Once you find the line with "Rachel Kimsey" in the data below, transcribe exactly each line from there to the line with "A 1ª Caminhada", inclusive, and nothing else. Drop the pictures.

* EXERCISE DATA
----

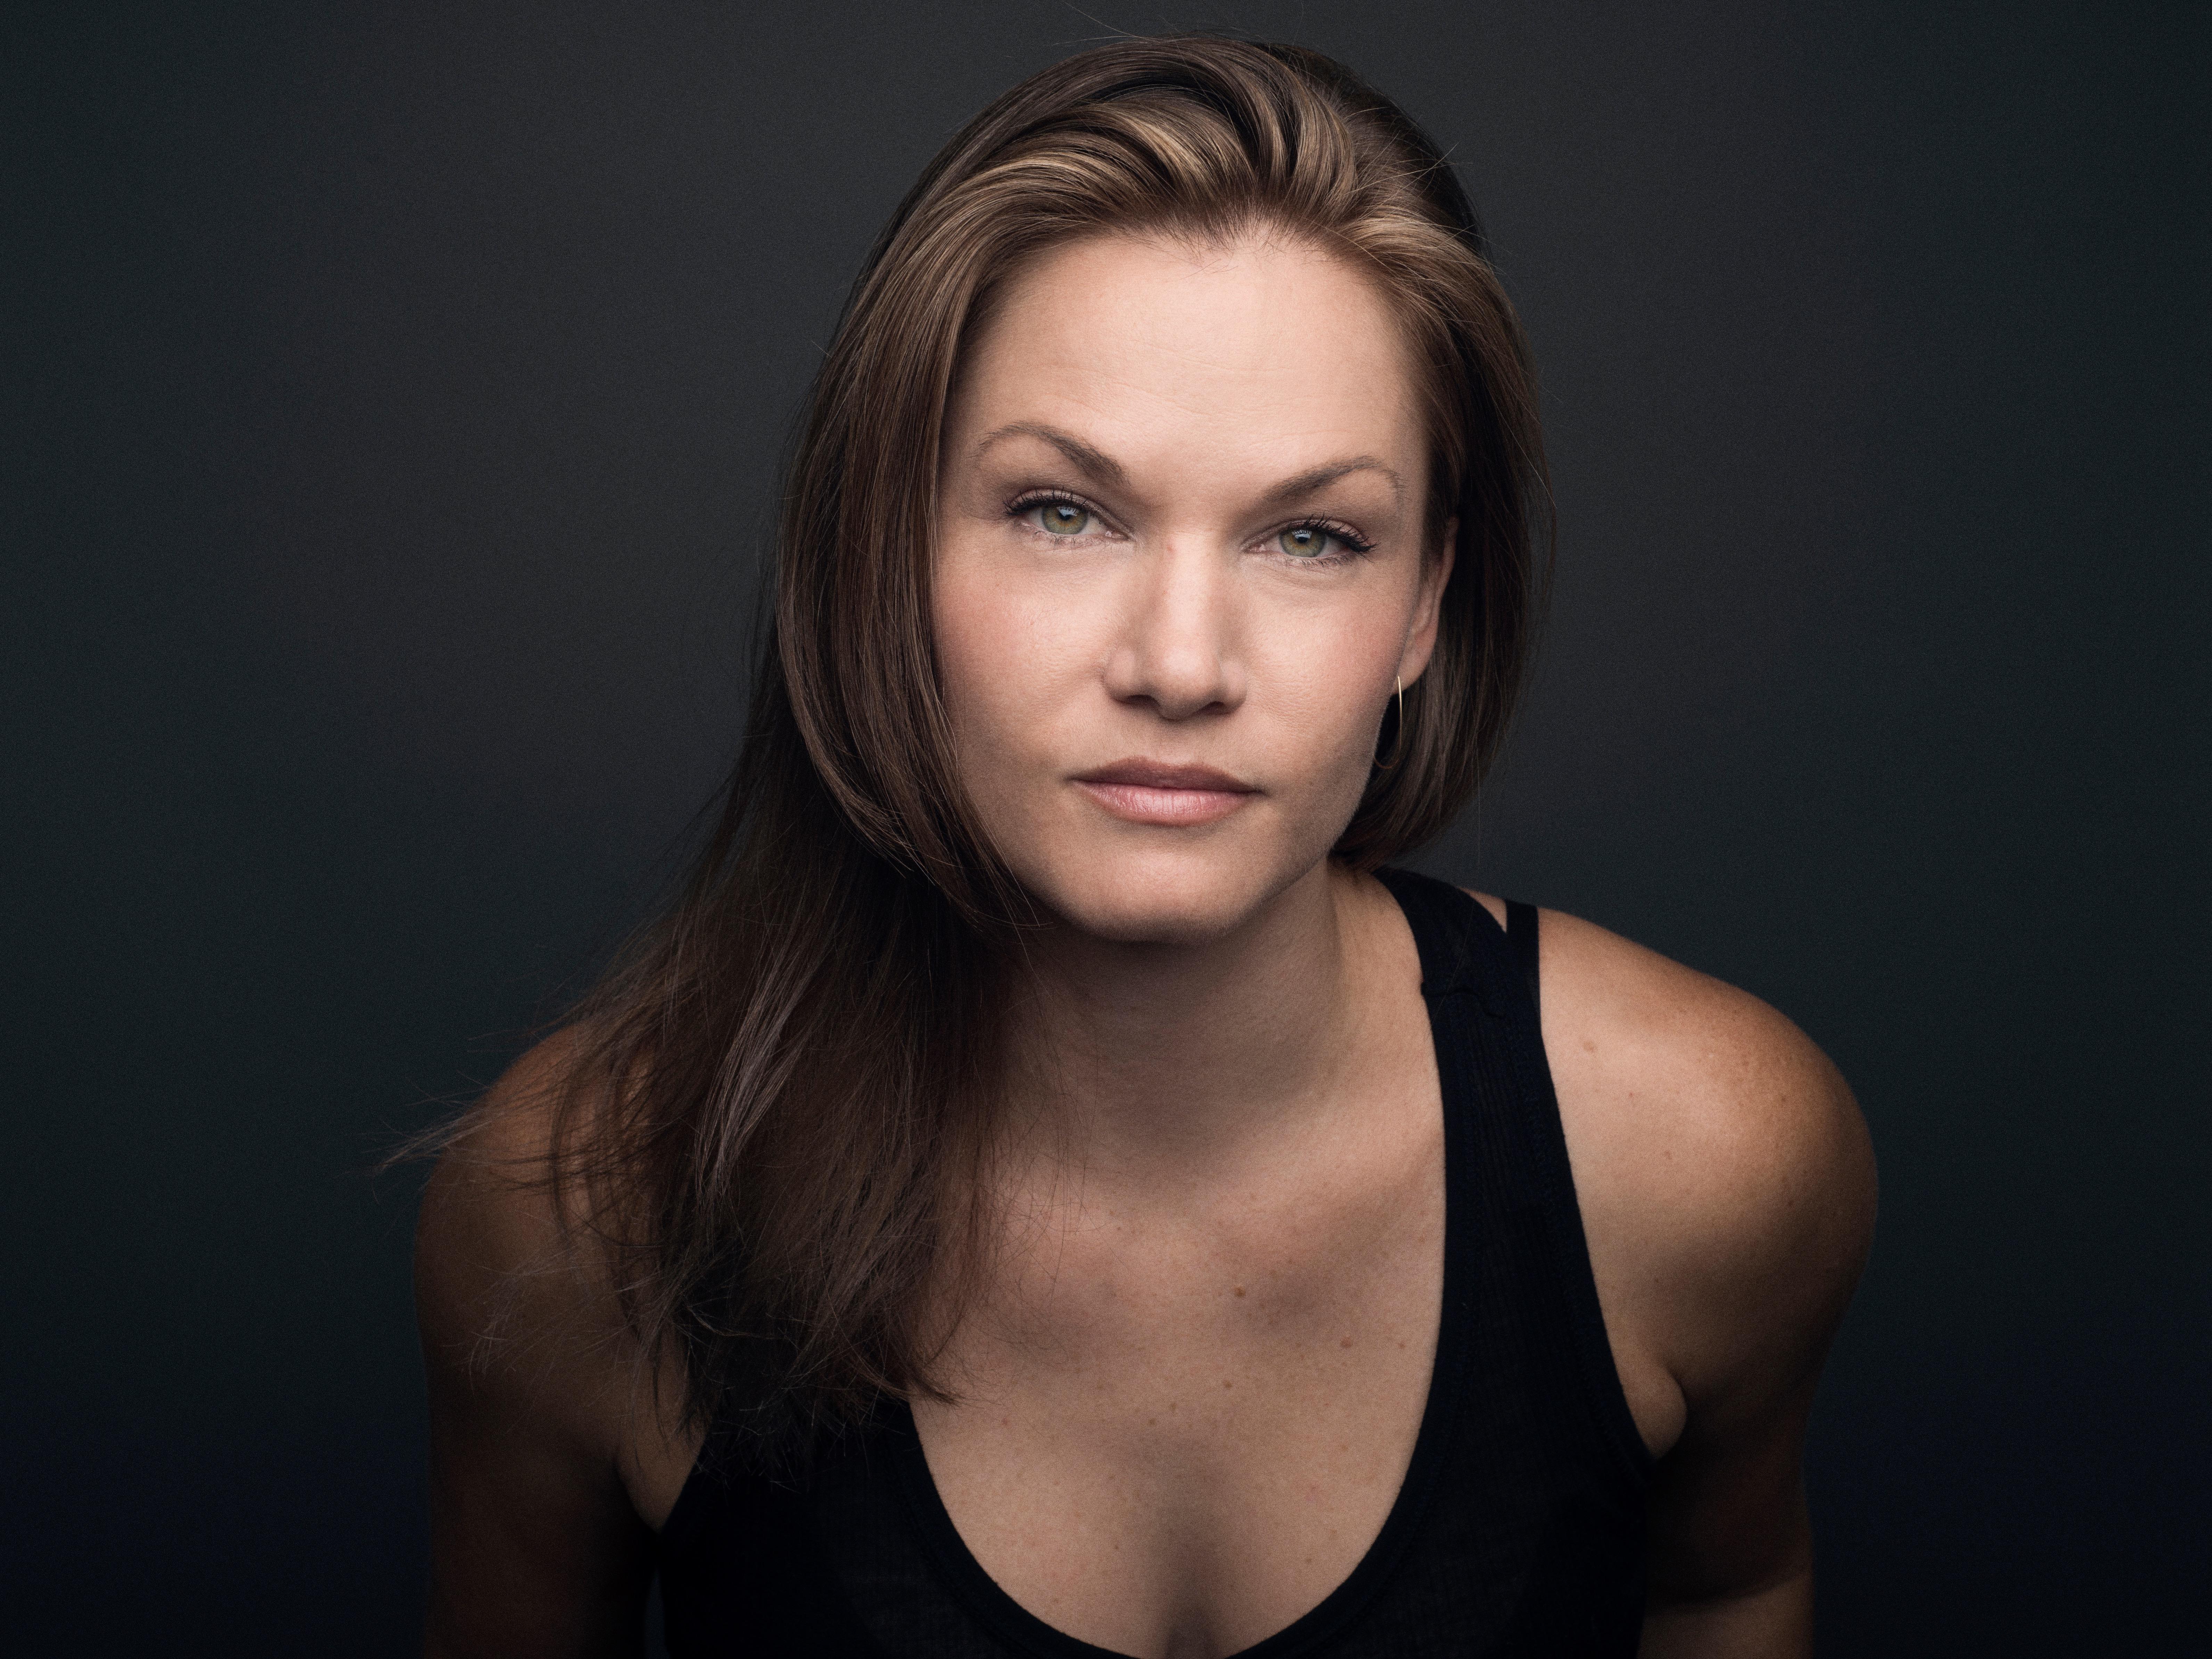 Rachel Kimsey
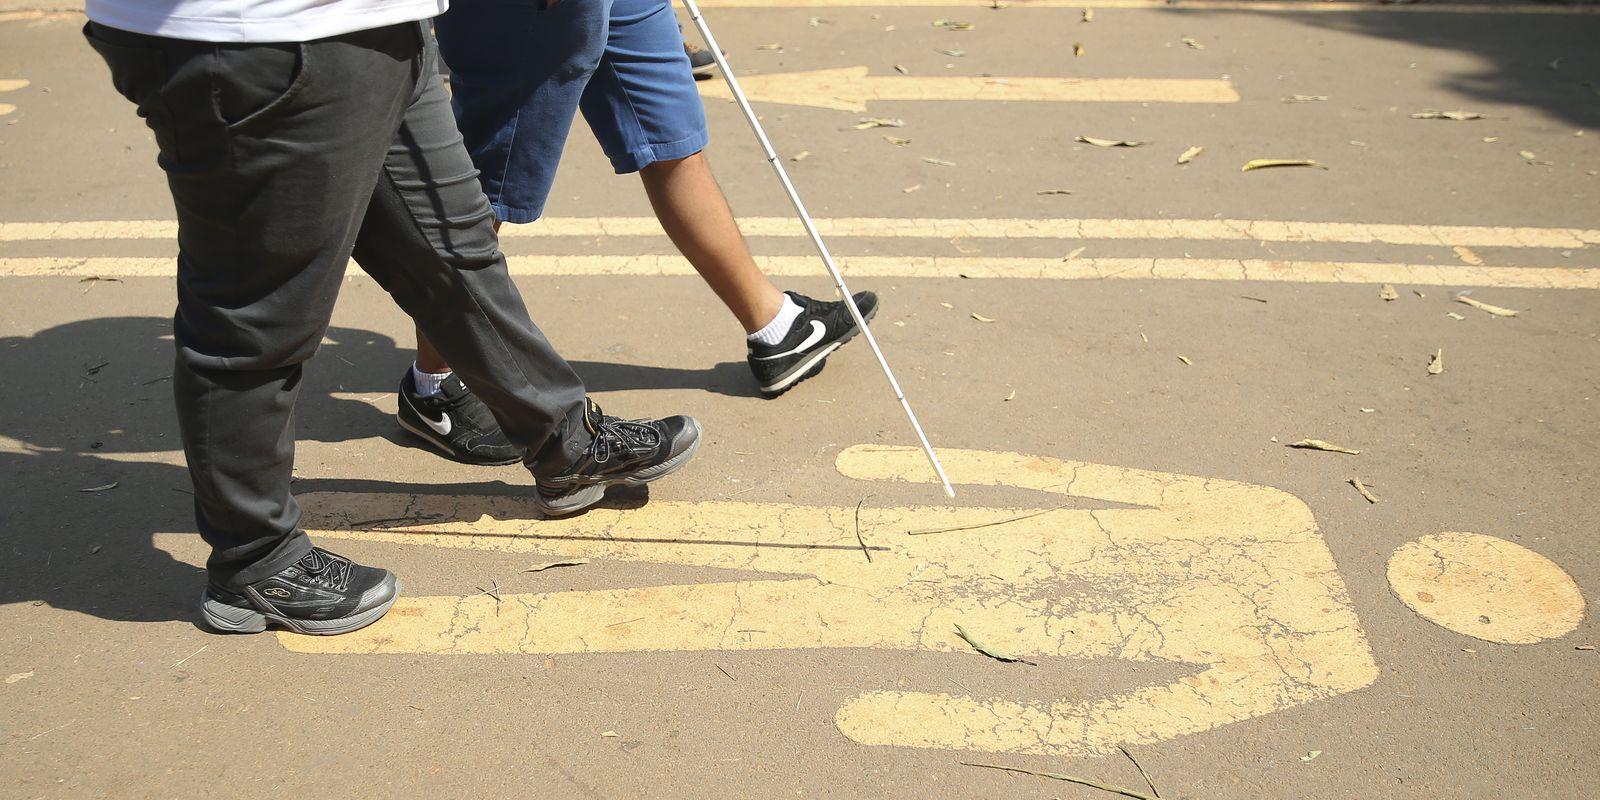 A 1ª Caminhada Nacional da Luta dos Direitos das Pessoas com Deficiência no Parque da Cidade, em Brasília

----

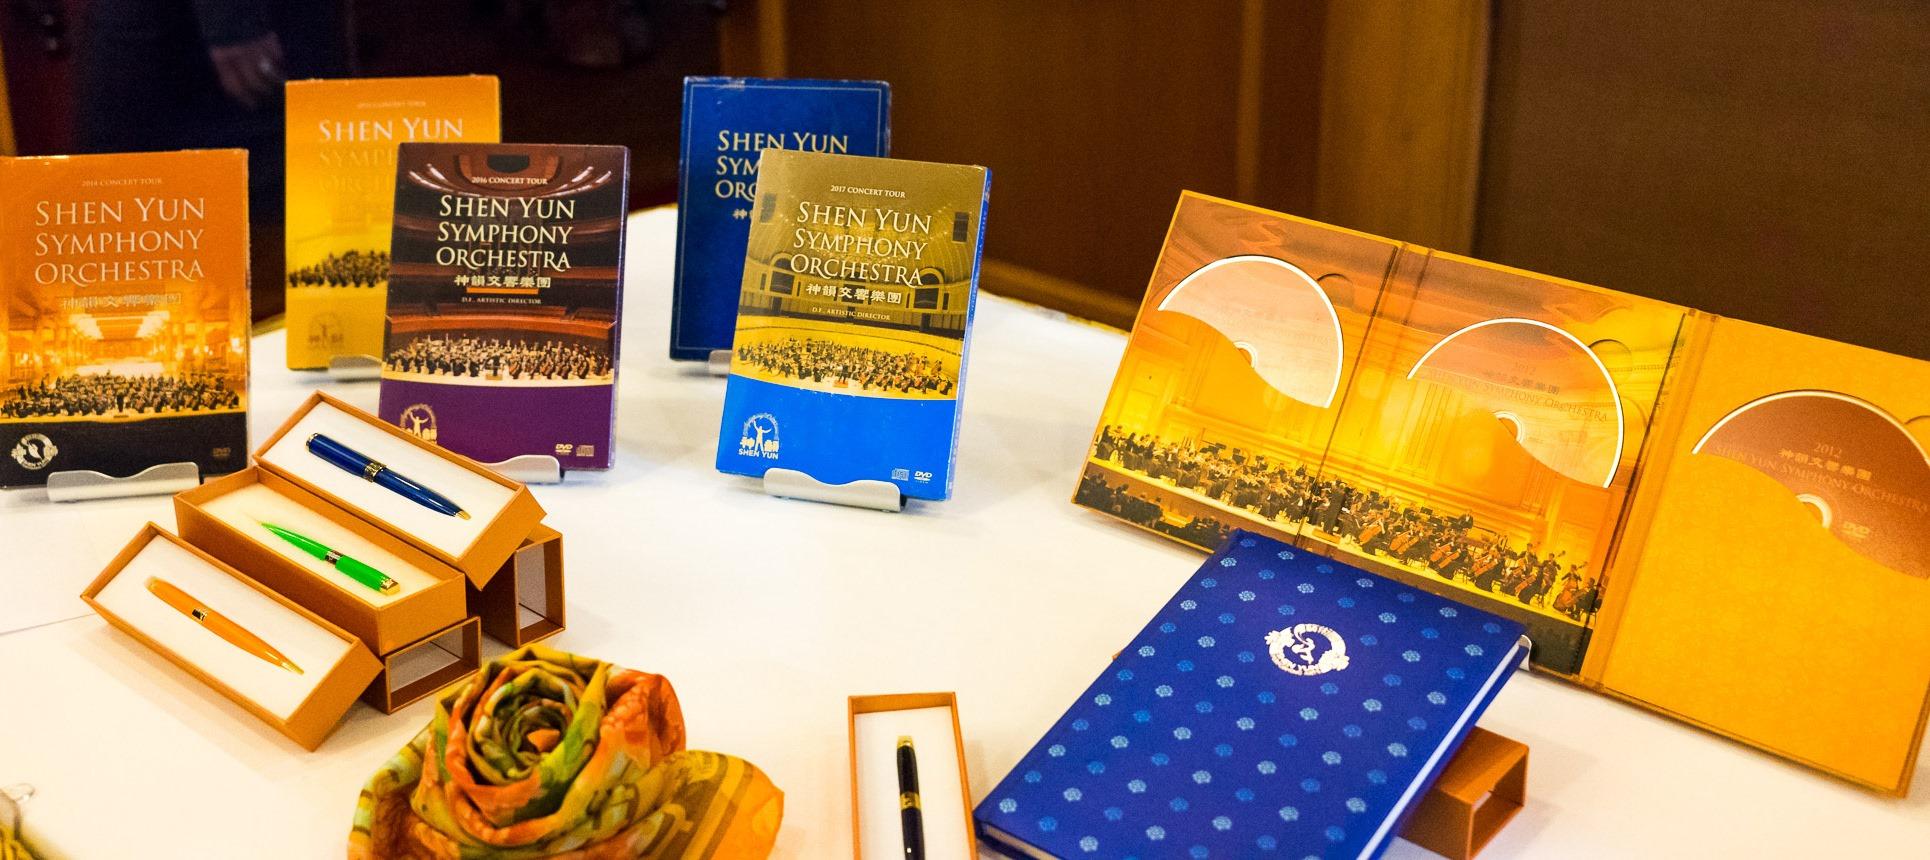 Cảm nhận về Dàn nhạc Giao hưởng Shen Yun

----

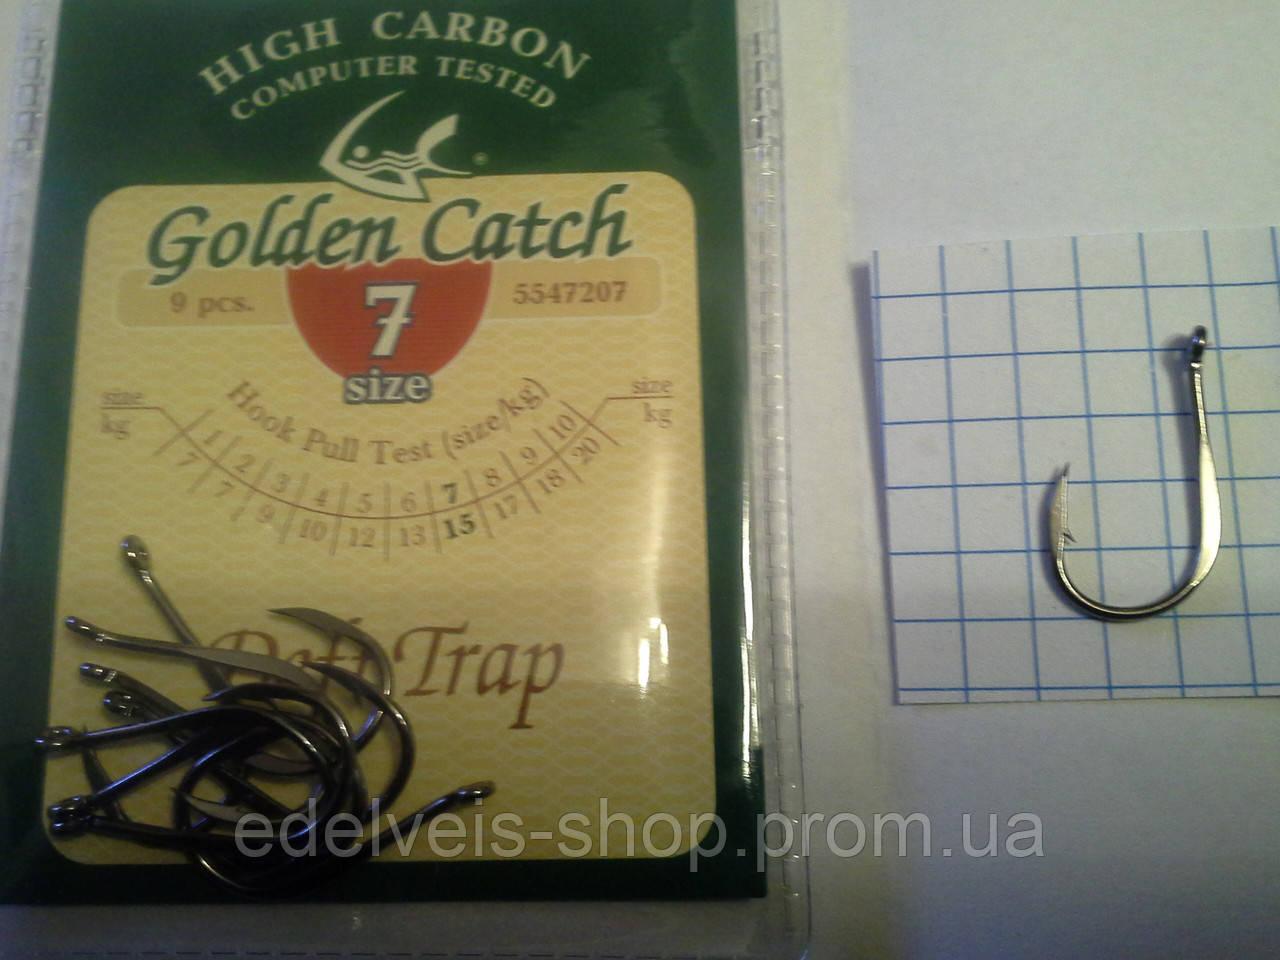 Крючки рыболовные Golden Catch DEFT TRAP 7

----

* SOLUTION TO THIS TASK
 Rachel Kimsey
 A 1ª Caminhada Nacional da Luta dos Direitos das Pessoas com Deficiência no Parque da Cidade, em Brasília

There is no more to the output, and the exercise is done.